Zu viele Festlegungen, das weiß man in der FDP, könnten den Erfolg gefährden. Die Wahlplakate sind bewusst vage. Interessant ist auch, was Lindner nicht sagt bei Auftritten wie in Dresden. Dort steht er mit beiden Händen am Mikro und lästert über die Grünen. Die wollten Deutschland zum „Bullerbü“ machen. Doch anstatt der Grünen-Forderung nach Tempo 130 auf der Autobahn eine klare Absage zu erteilen, führt Lindner minutenlang aus, warum er darüber nicht reden wolle.

Glück gehabt

Um zweistellig zu bleiben, muss sich Lindner alle Machtoptionen offen halten; und er muss die eigene, vielfältige Klientel zufrieden stellen – von seinen jungen konsumorientierten Fans in Dresden bis zum sparsamen Unternehmer in Stuttgart; vom Sportwagenfahrer aus der Provinz bis zur umweltbewussten Städterin. Ein taktischer Fehler könnte seine Glückssträhne schnell beenden.
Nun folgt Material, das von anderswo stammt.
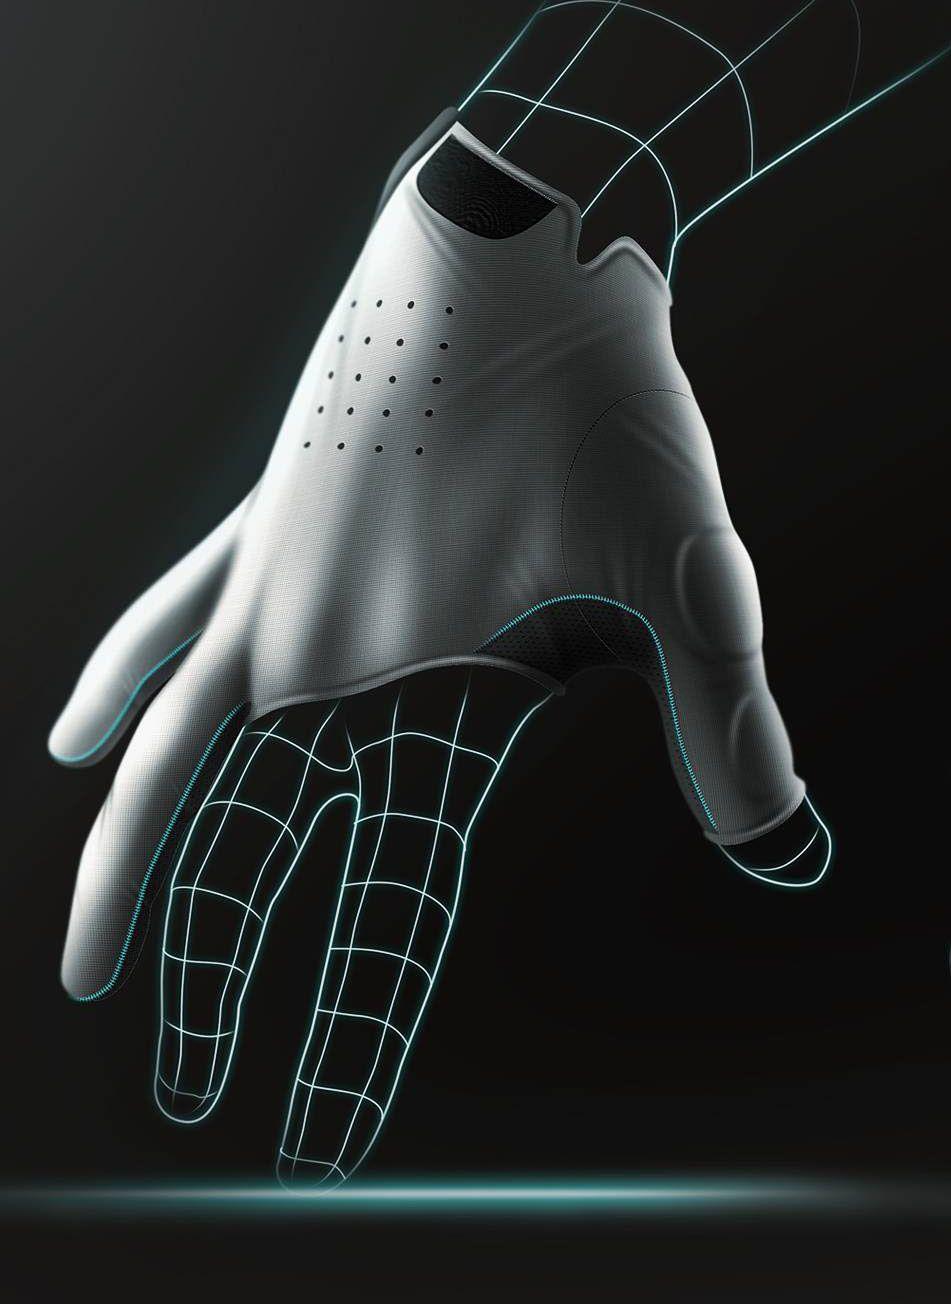 https://www.behance.net/gallery/5917505/ADIDAS-Cricket-innovation

Dass der Höhenflug der FDP nicht nur an der eigenen „Grandezza“ liegt, wie ein altgedienter Liberaler sagt, dürfte den meisten in der Partei klar sein. Der lange Machtkampf um den CDU-Vorsitz und die Kanzlerkandidatur der Union, der strauchelnde Laschet – davon profitieren die Liberalen.

Auch innerparteilich hat sich zuletzt einiges für Lindner glücklich gefügt. So verschafft es ihm etwas Luft, dass die Thüringer Landtagswahl doch nicht am 26. September stattfindet. Damit ist das öffentliche Interesse am dortigen FDP-Landeschef und Ex-Kurzzeit-Ministerpräsidenten von AfD-Gnaden, Thomas Kemmerich, vorerst abgeflaut. Wahlkampftermine in Thüringen hat Lindner „bis dato“ nicht wahrgenommen, sagt er.

In Dresden redet er dem Publikum ins Gewissen. „Wählen Sie auf keinen Fall die AfD.“ Beide Stimmen an die FDP, lautet seine Botschaft „Wählen Sie nicht taktisch“, ruft Lindner zum Abschluss seiner Rede – und klingt dabei wie einer, der nicht so gerne überrascht wird.